Good news on Navi should outweigh the bad as graphics card market returns to normal following crypto-currency bust

AMD is already prepping 7nm Navi-based graphics cards that, it is expected, it will be launched before the end of 2018.

Specialist website Fudzilla claims that not only are 7nm Navi-based graphics cards up and running in AMD's labs, but that the devices are performing well.

The design, according to AMD Radeon Technologies Group senior vice president of engineering David Wang, will be a standard monolithic die design, rather than multi-chip module.

We have already taped out multiple 7nm products at TSMC, including our first 7nm GPU planned to launch later this year

Similar to a multicore CPU, a multi-chip module GPU contains multiple GPU modules with an interconnect all on a single chip.
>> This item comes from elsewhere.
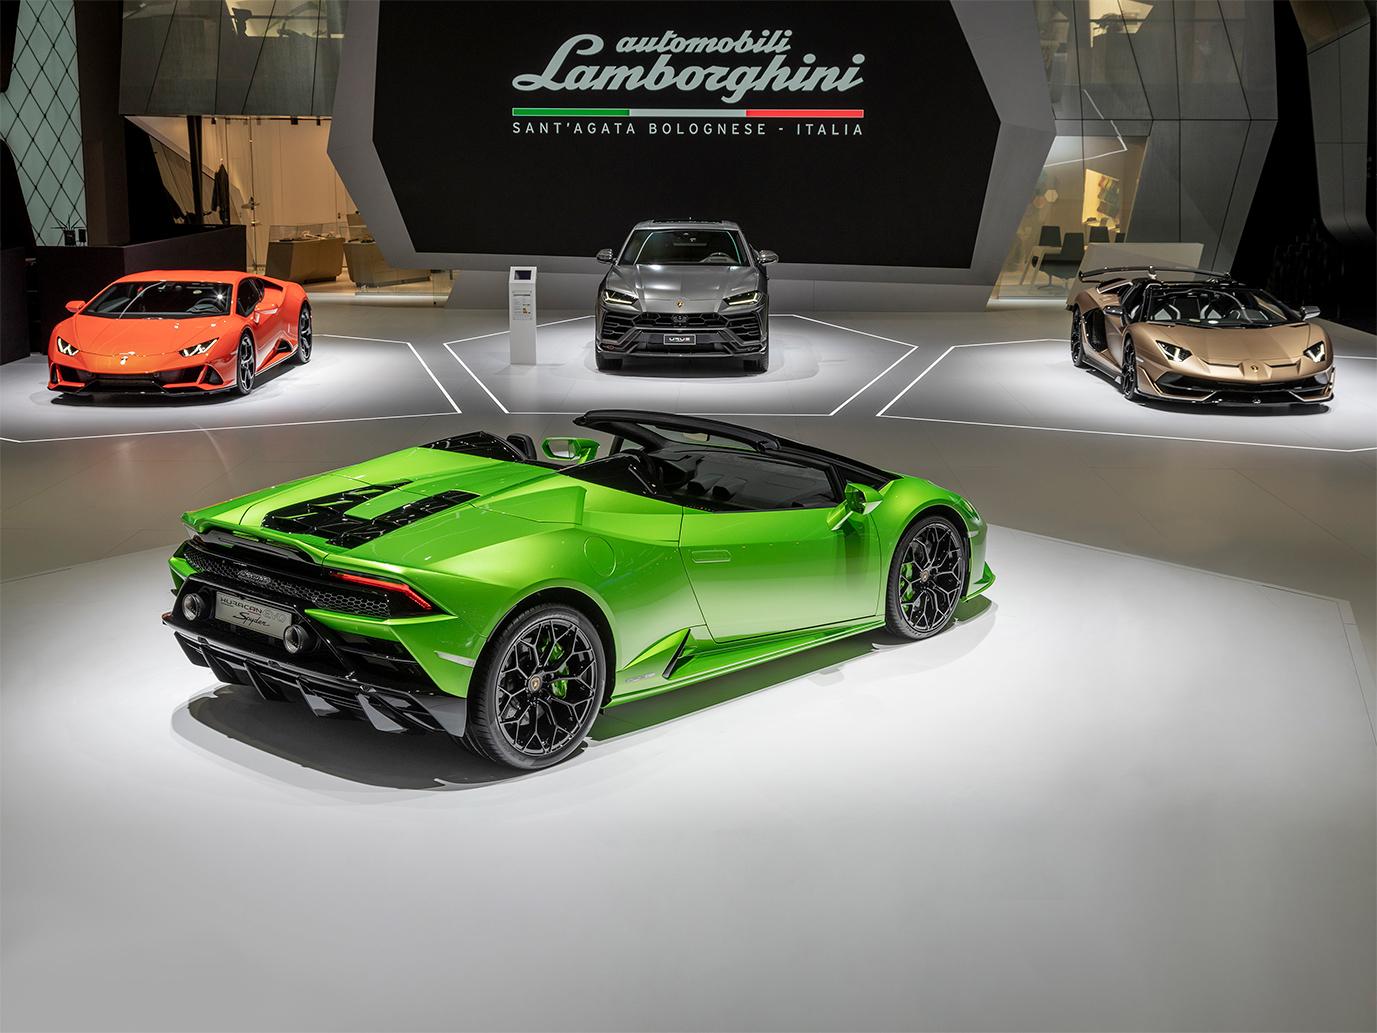 TrackWorthy - Automobili Lamborghini 2019 Geneva International Motor Show (2)

Rumours have suggested that 7nm Navi-based cards will bring GTX 1080-level performance at a price of around £250. But AMD does have a reputation, in recent years, for disappointing the market when it comes to graphics cards.

Its launch date is not entirely clear, either. Fudzilla mooted a mid-2019 unveiling, but AMD's chief technology officer Mark Papermaster hinted at a launch this year in a corporate blog posting in August.

"We have already taped out multiple 7nm products at TSMC, including our first 7nm GPU planned to launch later this year and our first 7nm server CPU that we plan to launch in 2019," he wrote.

He concluded: "I look forward to providing more details on those innovations as we prepare to introduce the industry's first 7nm GPU later this year and our first 7nm CPUs next year."

The company needs the new products with the bursting of the crypto-currency bubble this year leaving it with stocks of current-generation graphics cards piling up.

I look forward to providing more details on those innovations as we prepare to introduce the industry's first 7nm GPU later this year

As a result, graphics cards have largely returned to normal after spiking in price between around November 2017 and April 2018. And the bursting of the bubble has left AMD's GPU division somewhat exposed after Nvidia unveiled its Turing-based GeForce RTX graphics cards, which are now starting to become available in volume.

In consequence, AMD's third quarter financial results ended up disappointing investors.

Revenues were up by just four per cent to $1.65 billion, compared to the same quarter in 2018, although net income increased by 67 per cent to $102 million, partly on the back of a solid improvement in gross margins.

It was the GPU business, though, that dragged the company's results down. The company will now need to shift stocks in advance of its Navi launch, which could mean bargains for graphics card customers in a year otherwise bereft of good deals for PC gamers.